PGA Cup

Tournament information
- Location: 2024: Oregon, USA
- Established: 1973
- Course: 2024: Sunriver Resort
- Format: Match play
- Month played: September

Current champion
- United States (2024)

= PGA Cup =

The PGA Cup is a men's golf competition for club professionals played between a Great Britain and Ireland team and a United States team. The winning team is presented with the Llandudno Trophy. The competition is run by the British PGA and the PGA of America. It was first played in 1973 and was an annual event until 1984, after which it became biennial.

==History==
The first two contests, at Pinehurst, North Carolina, in 1973 and 1974, were contested for the Diamondhead Cup. Diamondhead Corp. was the owner of Pinehurst and sponsored the event.
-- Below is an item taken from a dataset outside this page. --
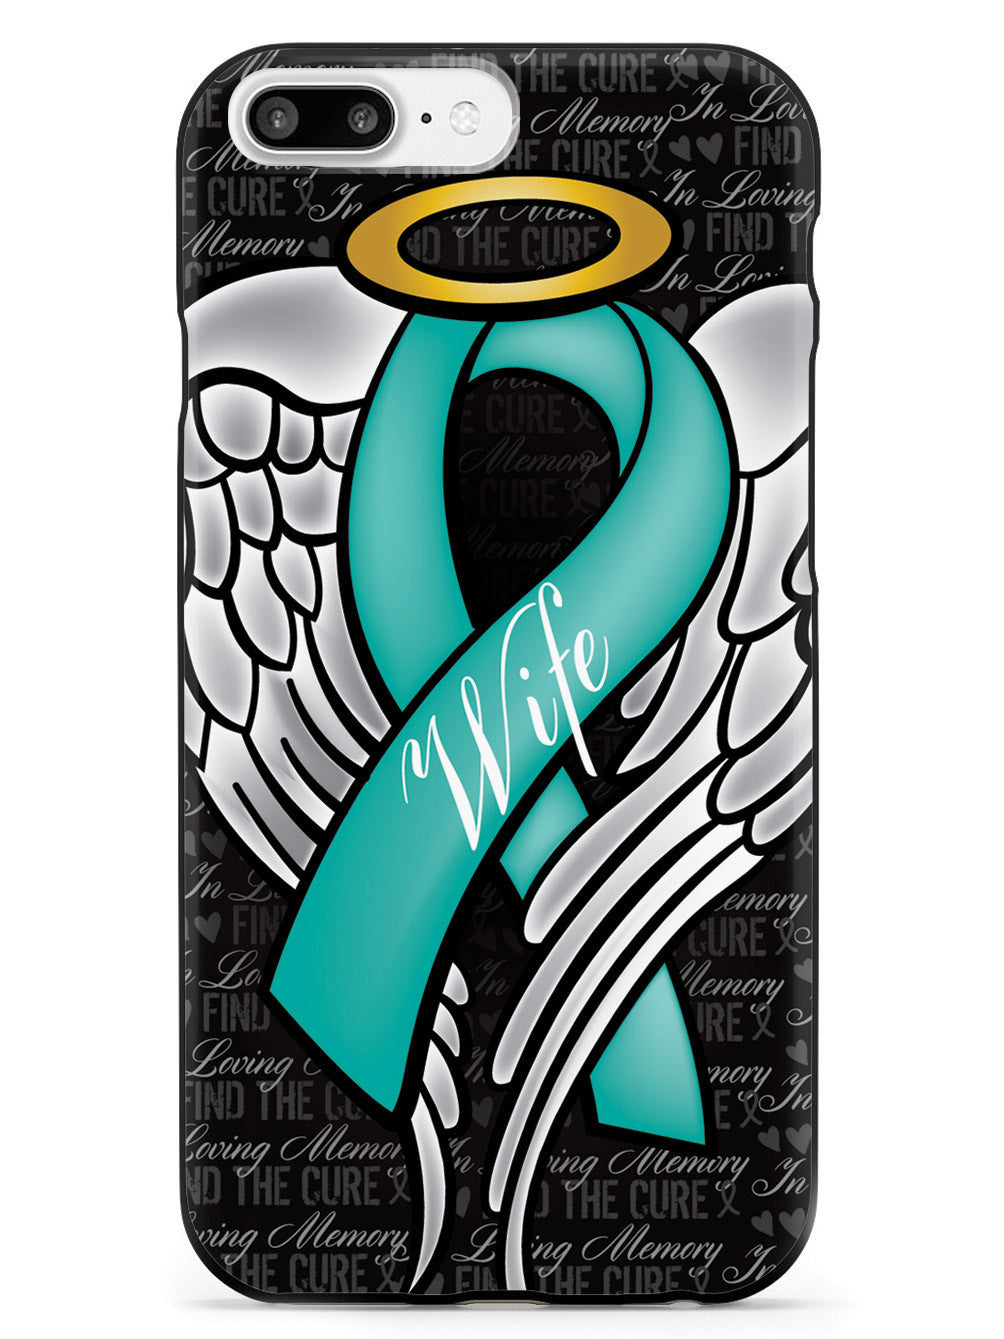 In Loving Memory of My Wife - Teal Ribbon Case

From 1975, the event was organised by the two PGAs and became known as the PGA Cup.

In 1990 the event was opened up to the golfers from continental Europe but from 1996 the British PGA team was again restricted to players from Great Britain and Ireland.

The 2017 PGA Cup was held on the Longcross course at Foxhills Golf Club, Ottershaw, Surrey, from 15 to 17 September and was won by Great Britain and Ireland by a score of 16 to 10, their second successive victory.

The 2019 PGA Cup was held on the Fazio Foothills course at Omni Barton Creek Resort & Spa, Austin, Texas, from 27 to 29 September and was won by the United States by a score of 14 to 12, their first outright victory since 2011.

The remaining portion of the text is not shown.